The records START

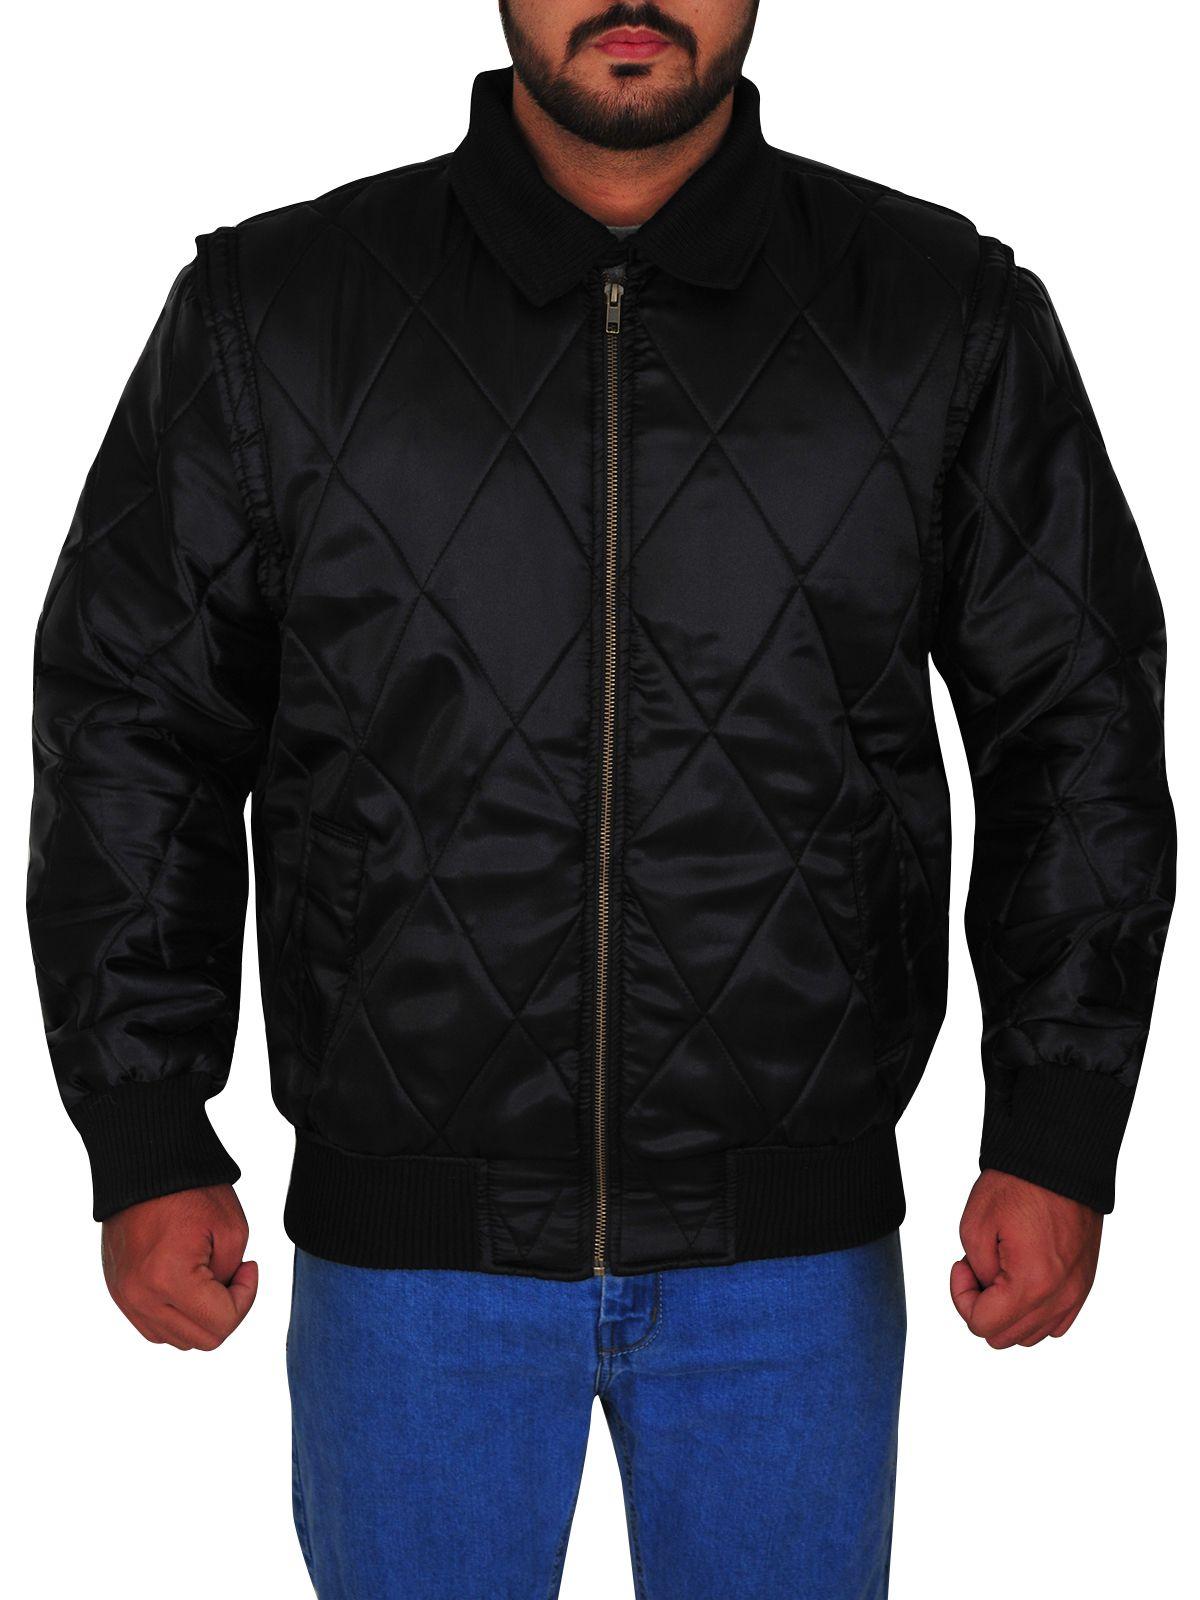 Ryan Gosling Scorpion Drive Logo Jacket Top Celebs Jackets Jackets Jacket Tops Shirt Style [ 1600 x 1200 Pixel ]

The records END
The records START

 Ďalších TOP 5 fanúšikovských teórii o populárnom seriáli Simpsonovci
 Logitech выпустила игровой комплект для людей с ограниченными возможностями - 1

The records END

• **Directions for this task**
From the data above, return every line from the line that has "Ďalších TOP 5" up to and including the line that has "Logitech выпустила игровой", exactly.

• **Written response**
 Ďalších TOP 5 fanúšikovských teórii o populárnom seriáli Simpsonovci
 Logitech выпустила игровой комплект для людей с ограниченными возможностями - 1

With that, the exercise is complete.